Of course, not all problems can be addressed on framework level, and not every engineer will always reach for the right tools. Because of this, the next principle that I found to be worth focusing on is containment and mitigation: making sure that bugs are difficult to exploit when they happen, or that the damage is kept in check. The solutions in this space can range from low-level enhancements (say, hardened allocators or seccomp-bpf sandboxes) to client-facing features such as browser origin isolation or Content Security Policy.

The usual consulting, review, and outreach tasks are an important facet of a product security program, but probably shouldn’t be the sole focus of your team. It’s also best to avoid undue emphasis on vulnerability showmanship: while valuable in some contexts, it creates a hypercompetitive environment that may be hostile to less experienced team members – not to mention, squashing individual bugs offers very limited value if the same issue is likely to be reintroduced into the codebase the next day. I like to think of security reviews as a teaching opportunity instead: it’s a way to raise awareness, form partnerships with engineers, and help them develop lasting habits that reduce the incidence of bugs. Metrics to understand the impact of your work are important, too; if your engagements are seen mostly as a yet another layer of red tape, product teams will stop reaching out to you for advice.

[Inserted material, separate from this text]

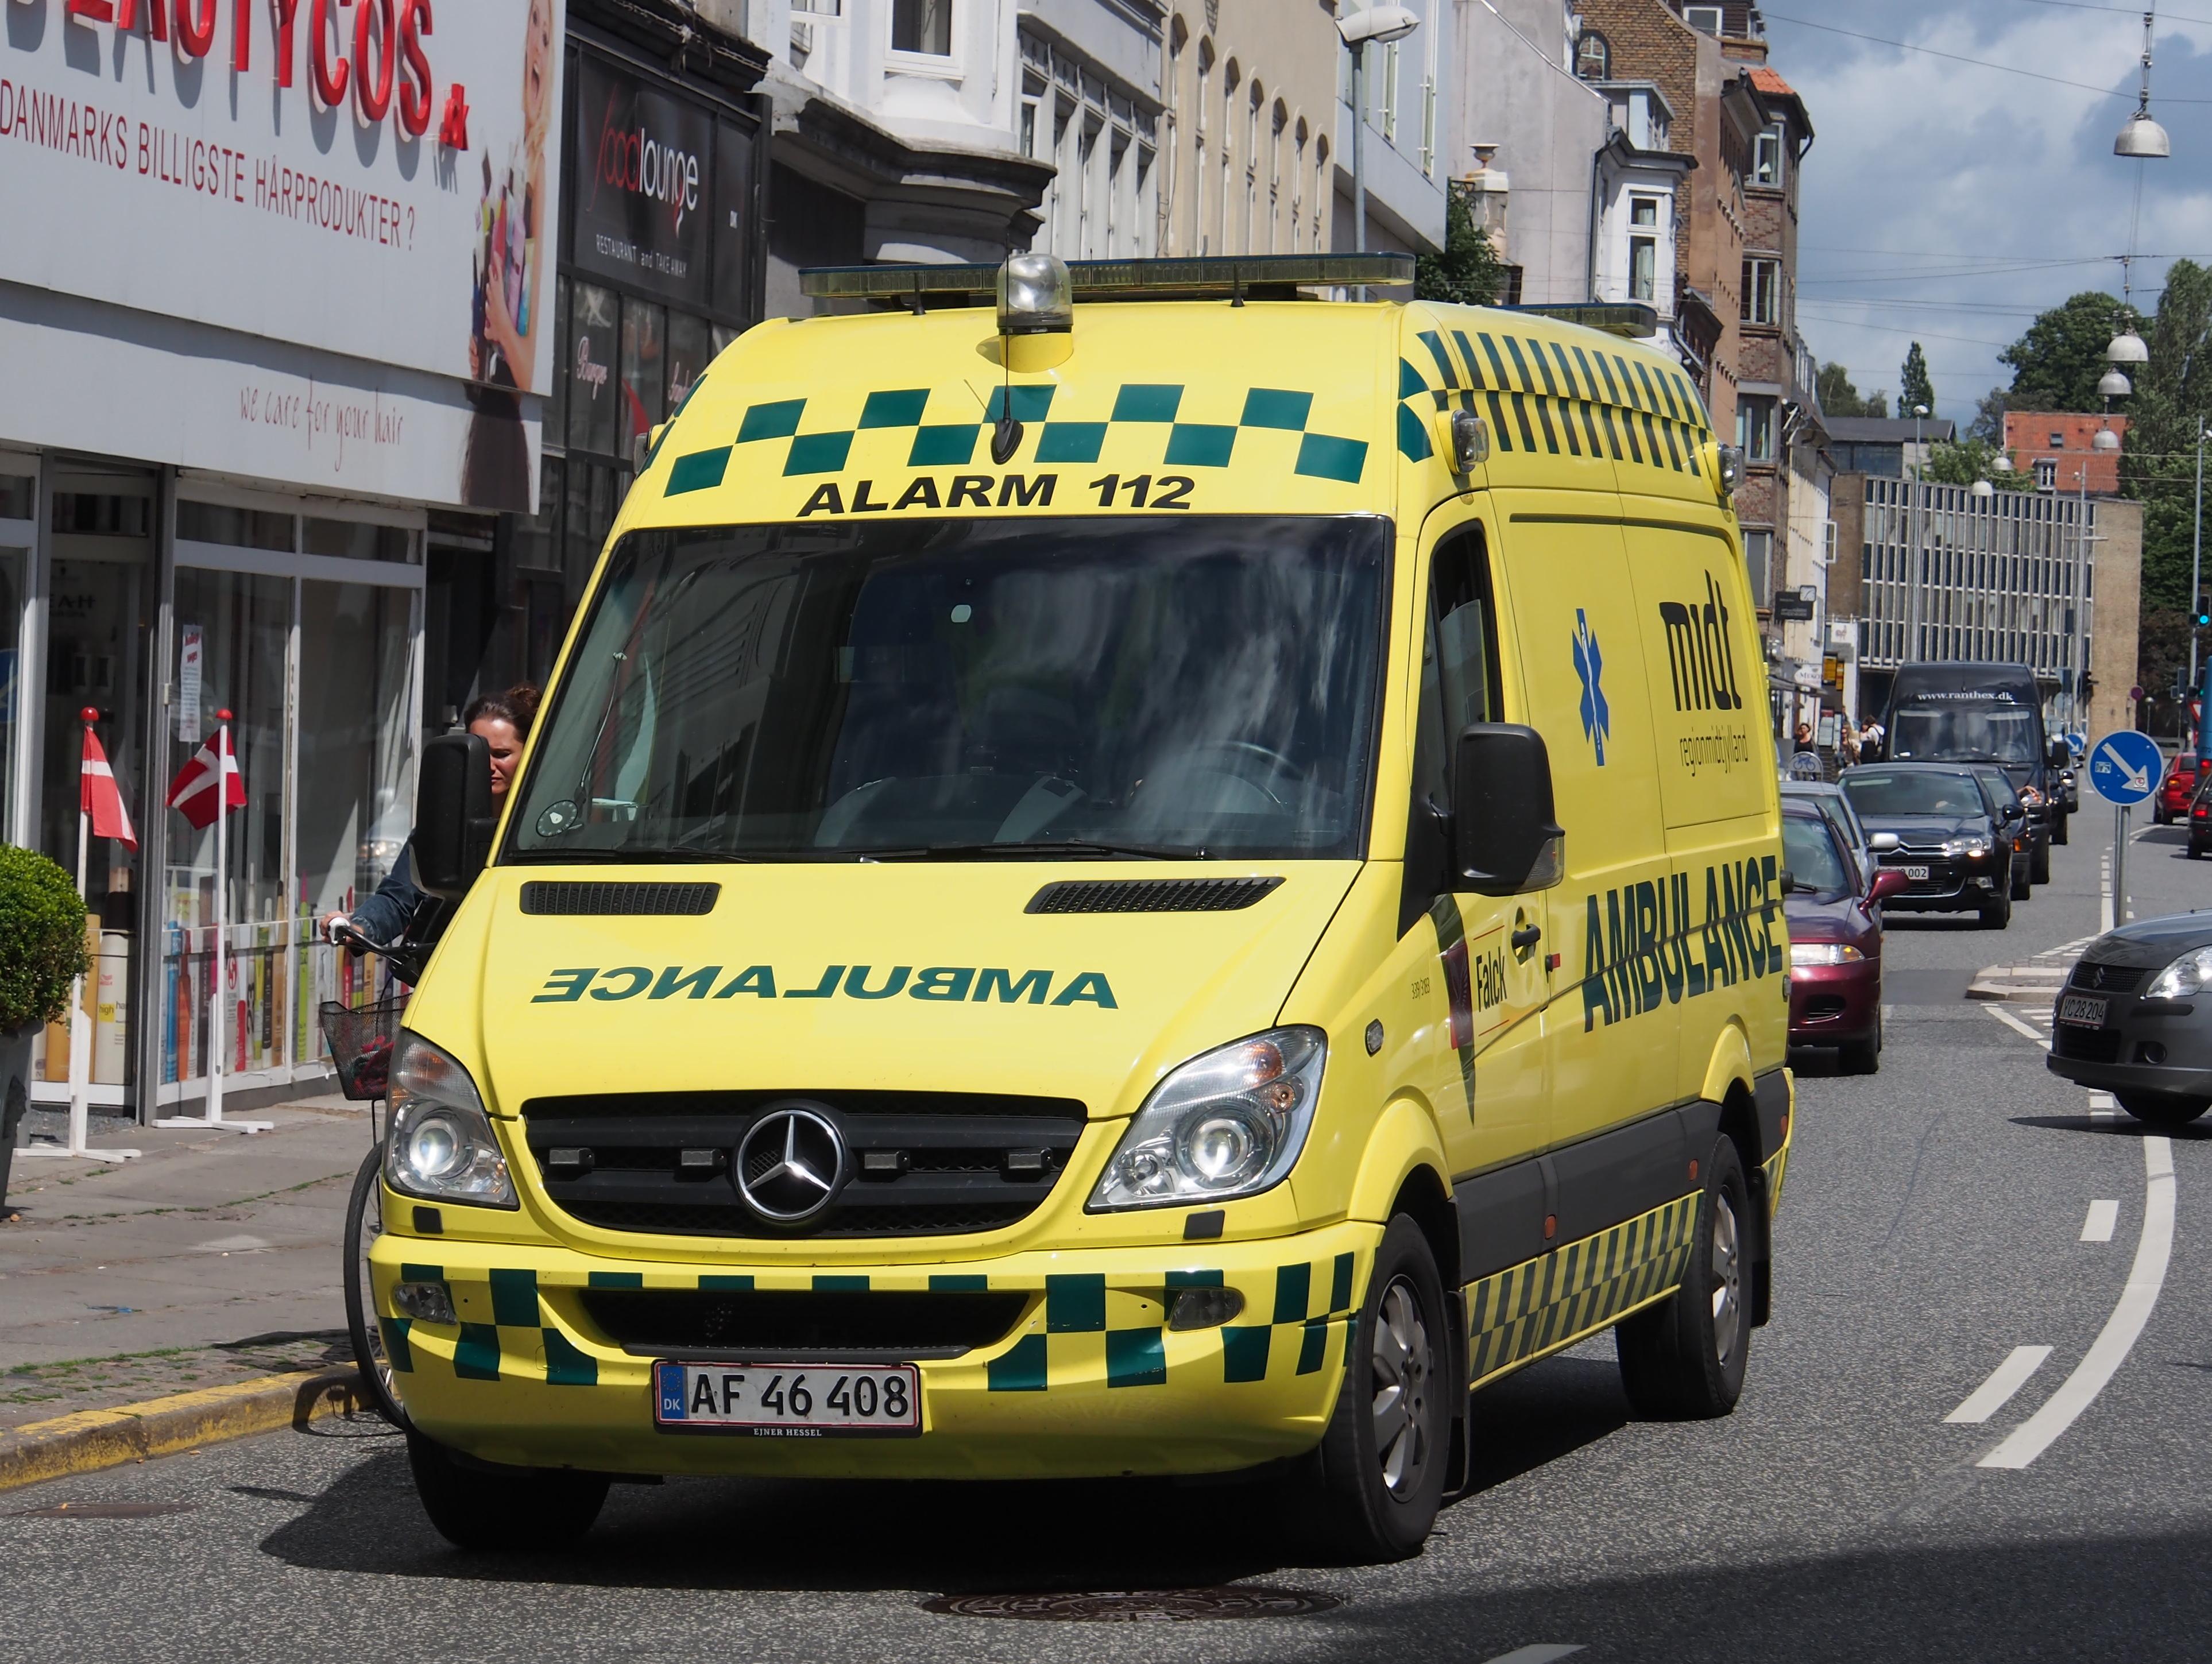 Mercedes Work Van >> File:Mercedes Falck ambulance, Århus.JPG - Wikimedia Commons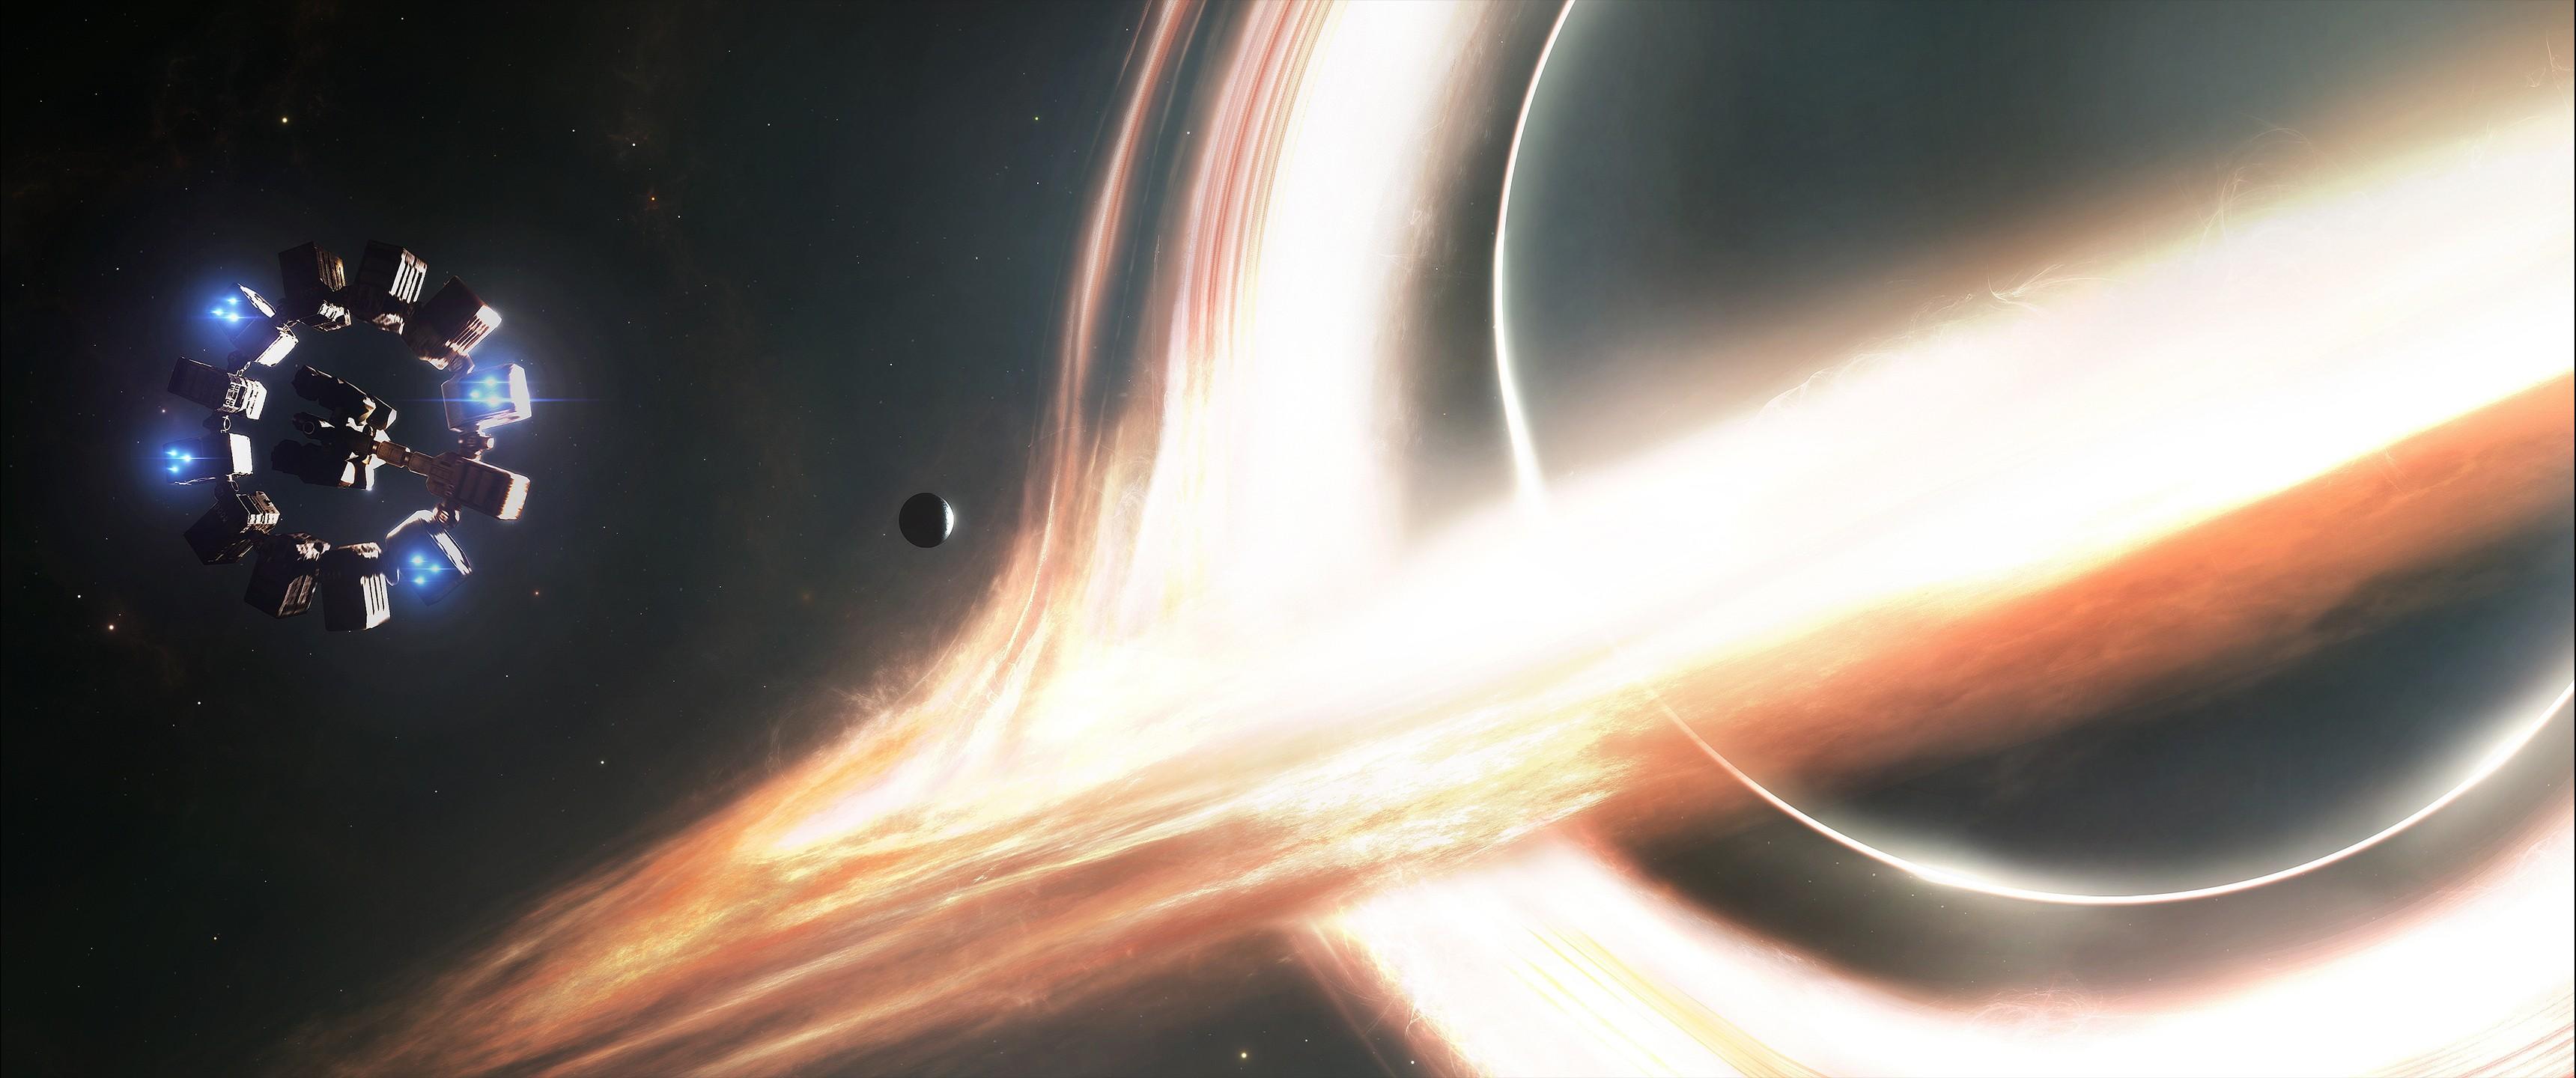 General 3440x1440 black holes Interstellar (movie) movies science fiction

The other tenet of a healthy product security effort requires us to recognize at a scale and given enough time, every defense mechanism is bound to fail – and so, we need ways to prevent bugs from turning into incidents. The efforts in this space may range from developing product-specific signals for the incident response and monitoring teams; to offering meaningful vulnerability reward programs and nourishing a healthy and respectful relationship with the research community; to organizing regular offensive exercises in hopes of spotting bugs before anybody else does.

Oh, one final note: an important feature of a healthy security program is the existence of multiple feedback loops that help you spot problems without the need to micromanage the organization and without being deathly afraid of taking chances. For example, the data coming from bug bounty programs, if analyzed correctly, offers a wonderful way to alert you to systemic problems in your codebase – and later on, to measure the impact of any remediation and hardening work.